Introduction
Some athletes exhibit exceptional achievements in certain sports, with equal and/or similar training and physical conditions. Importantly, among the most crucial elements of success is an athlete's natural talent. However, every person may achieve a certain degree of physical fitness differently due to genetic diversity. Furthermore, a large number of a specific abilities and characteristics are genetically predetermined. Motor coordination processes occur mainly through neurophysiological mechanisms of control and regulation of sensorimotor, perceptual, intellectual, proprioceptive, and kinesiological functions. They rely on the central nervous system, the sensory organs (receptors), and the muscular system (effectors), all of which are influenced by genetic and environmental factors (Kochanowicz et al., 2015). Developments in DNA sequencing technology have led to a better understanding of the role of genetic variants in athletic performance, resulting in the development of “sports genomics”. Over the past 20 years, intensive research has identified as many as 185 genetic markers that can be linked to an athlete's elite status (Maciejewska-Skrendo et al., 2019; Youn et al., 2021).

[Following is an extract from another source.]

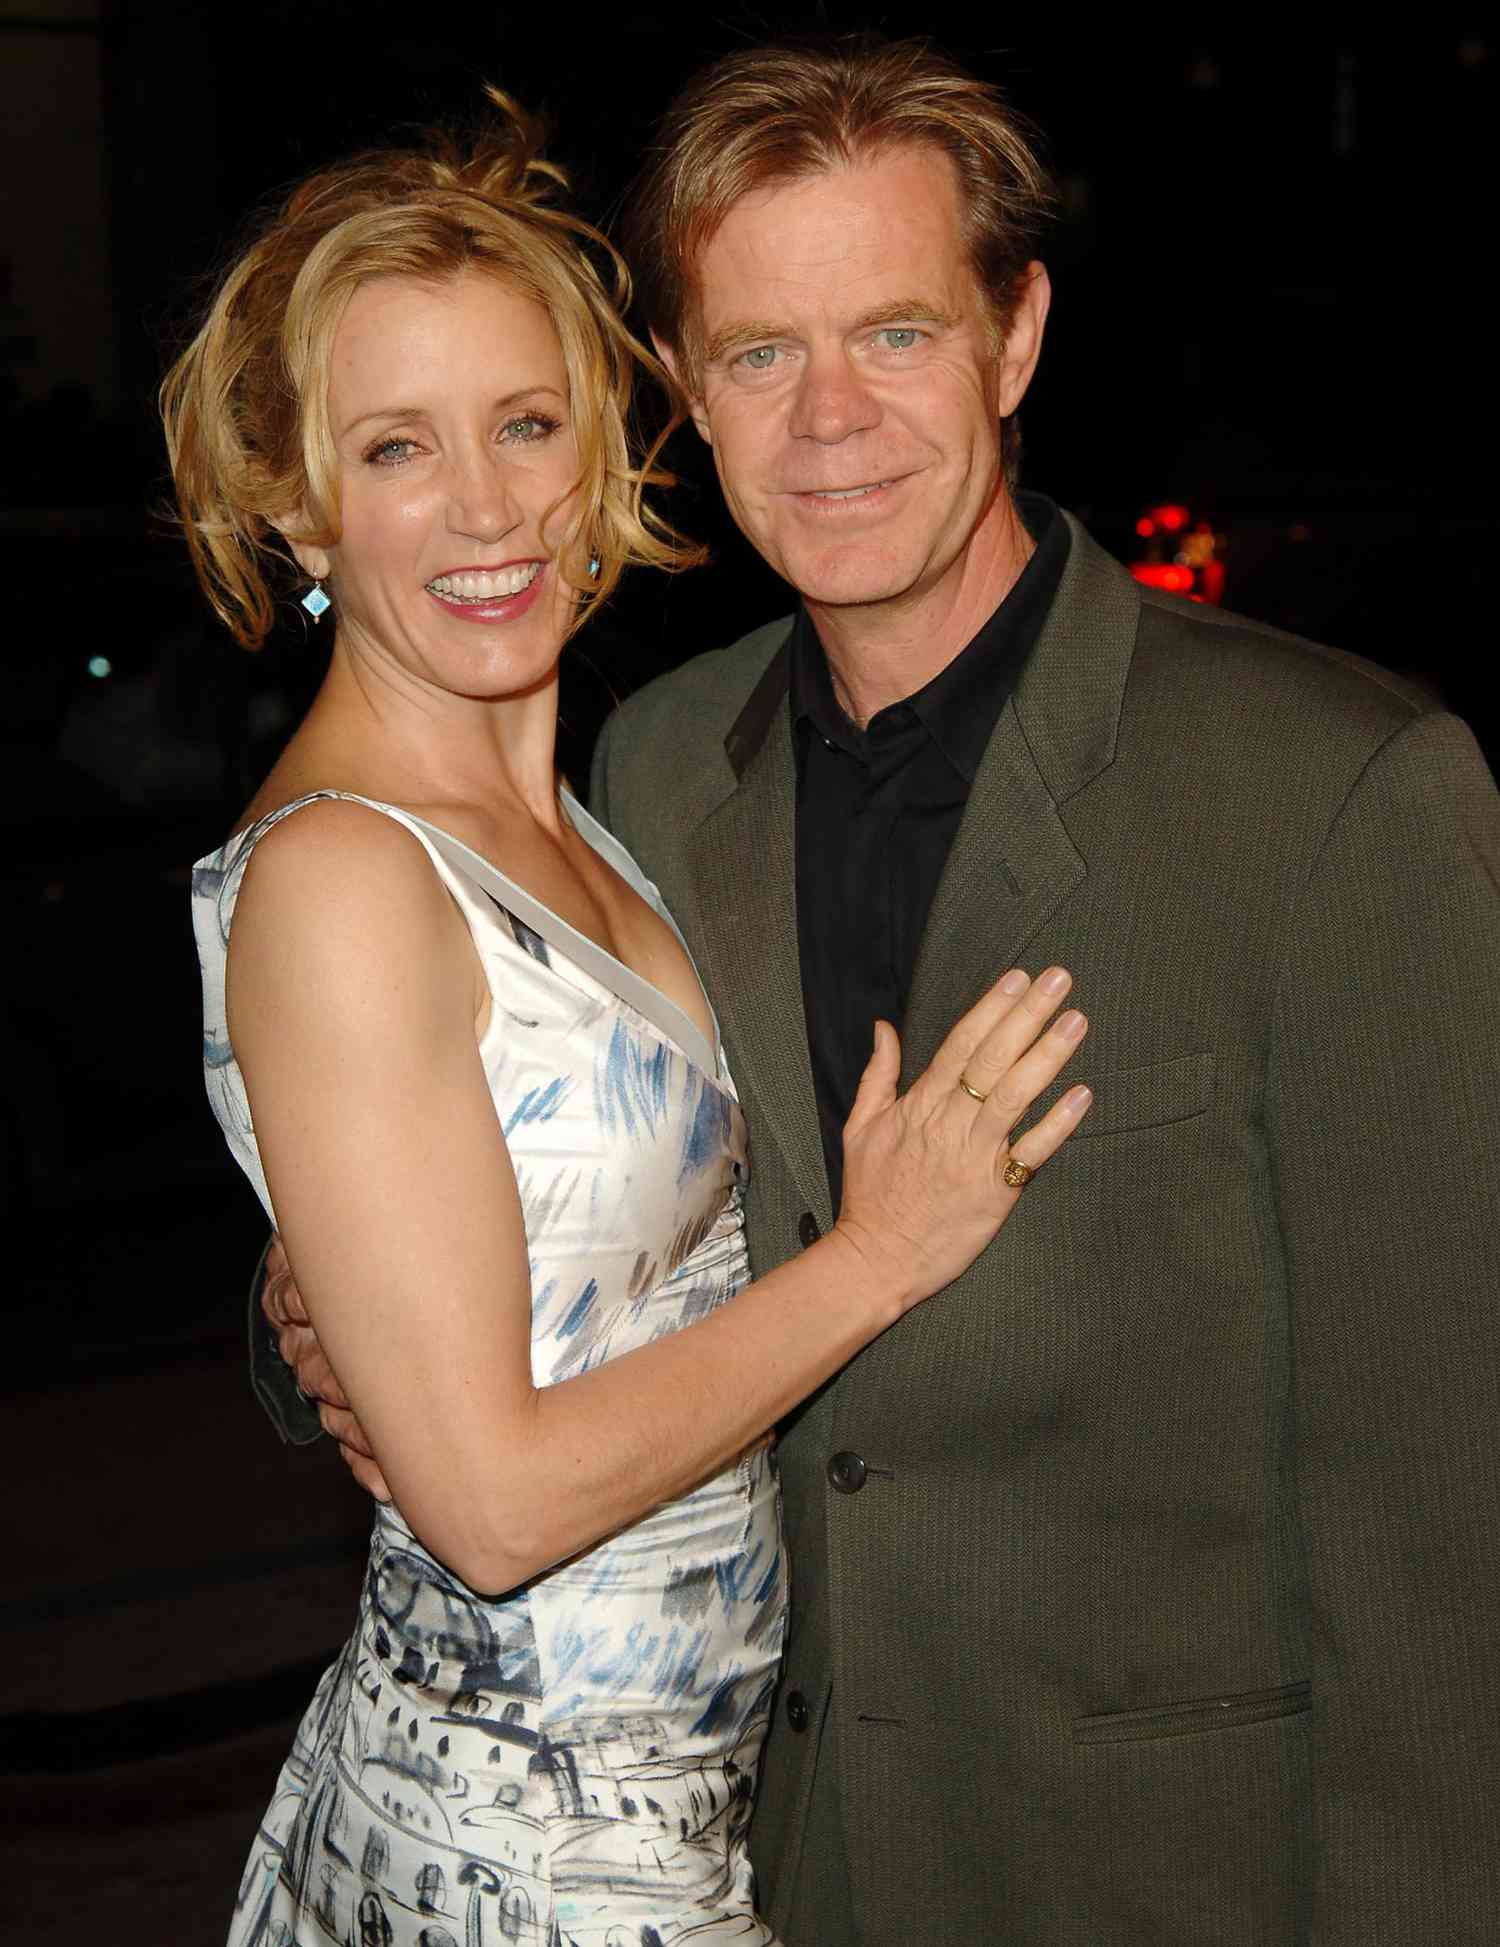 Felicity Huffman and William H. Macy at Sahara's&nbsp;Los Angeles Premiere on&nbsp;April 4, 2005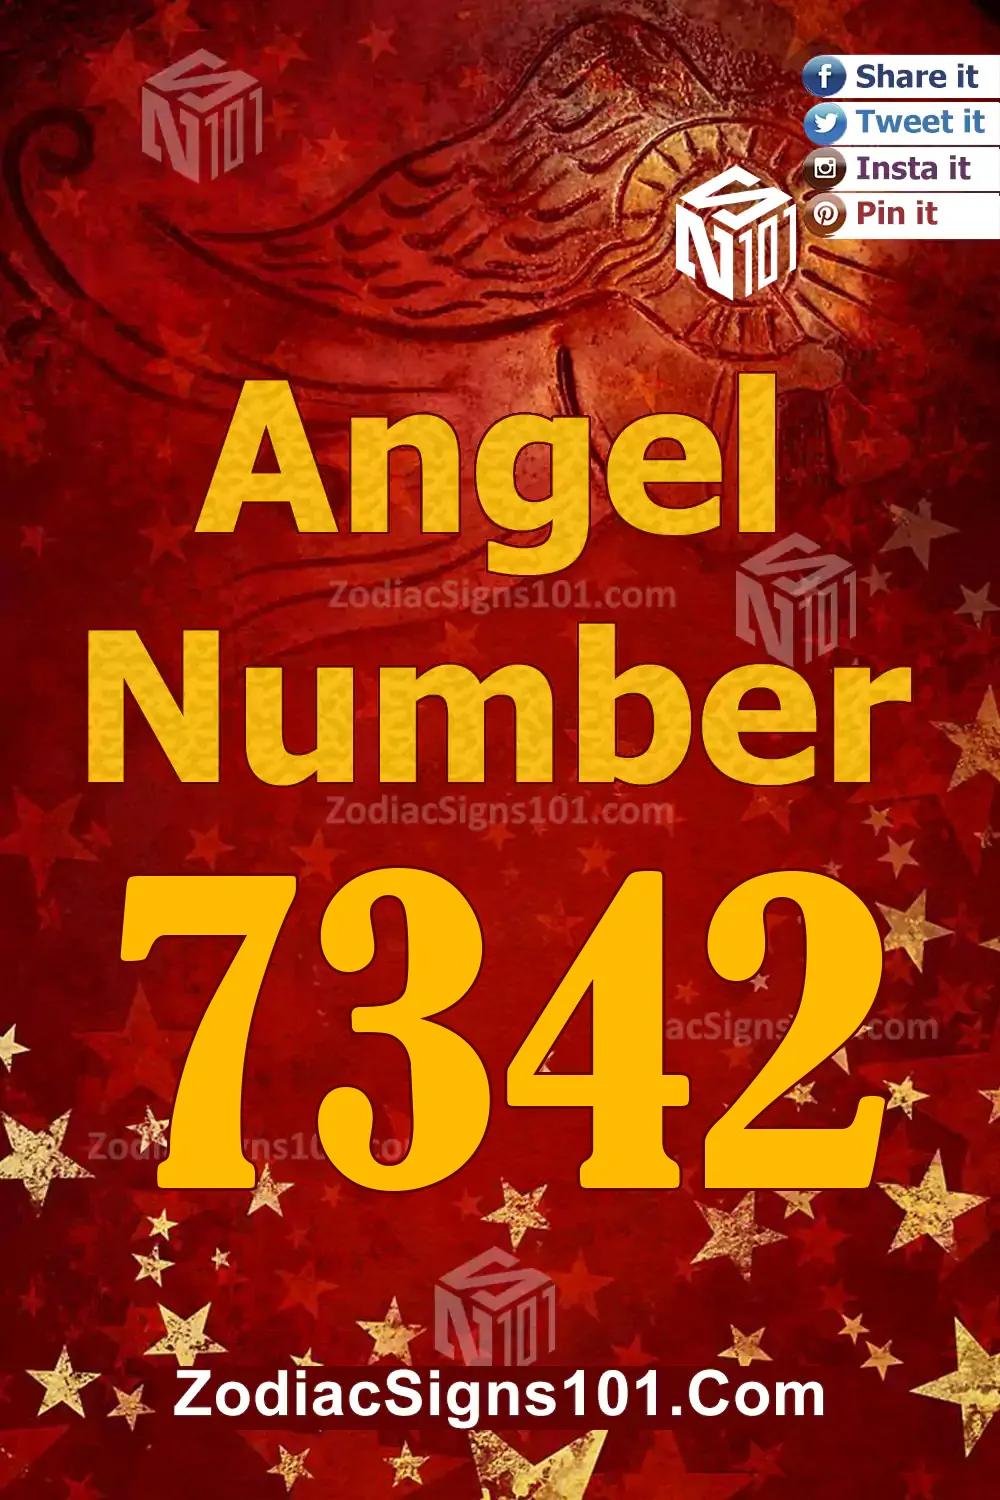 7342 Angel Number Meaning

One of the best known genes involved in the metabolism of catecholamine neurotransmitters (e.g., adrenaline, noradrenaline, or dopamine) is the COMT gene (catechol-O-methyltransferase) (Bastos et al., 2017; Craddock et al., 2006; Perkovic et al., 2018). COMT is located at “22q11.1 – q11.2” and has a size of approximately 27 Kbp, with 345 polymorphisms identified (Chen et al., 2021; Harrison and Tunbridge, 2008). The magnesium enzyme (Mg2+) transfers the COMT methyl group from S-adenosyl-L-methionine (SAM) to one of the catechol hydroxyl groups. The O-methylation is important in the inactivation of catecholamine neurotransmitters and catechol hormones such as dopamine (DA) and norepinephrine (NA) (Bastos et al., 2017). In humans, there are two isoforms of COMT, expressed from different promoters: the membrane-bound form (MB-COMT) and the soluble form (S-COMT). The first isoform controls extracellular DA levels in the prefrontal cortex and is mostly expressed in brain neurons. Its function was revealed in the late 1950s, yet researchers have been also interested in the role of the COMT enzyme in additional pathways and illnesses. COMT has been studied from the perspective of neuropsychiatric conditions and the neural underpinnings of cognitive functions, emotion, behavior, sleep and pain mechanisms, as well as addictive behavior and neurodegeneration (Bastos et al., 2017; Machoy-Mokrzyńska et al., 2019). It has been stated that athletic talent may be significantly influenced by the COMT enzyme activity (Zmijewski et al., 2021).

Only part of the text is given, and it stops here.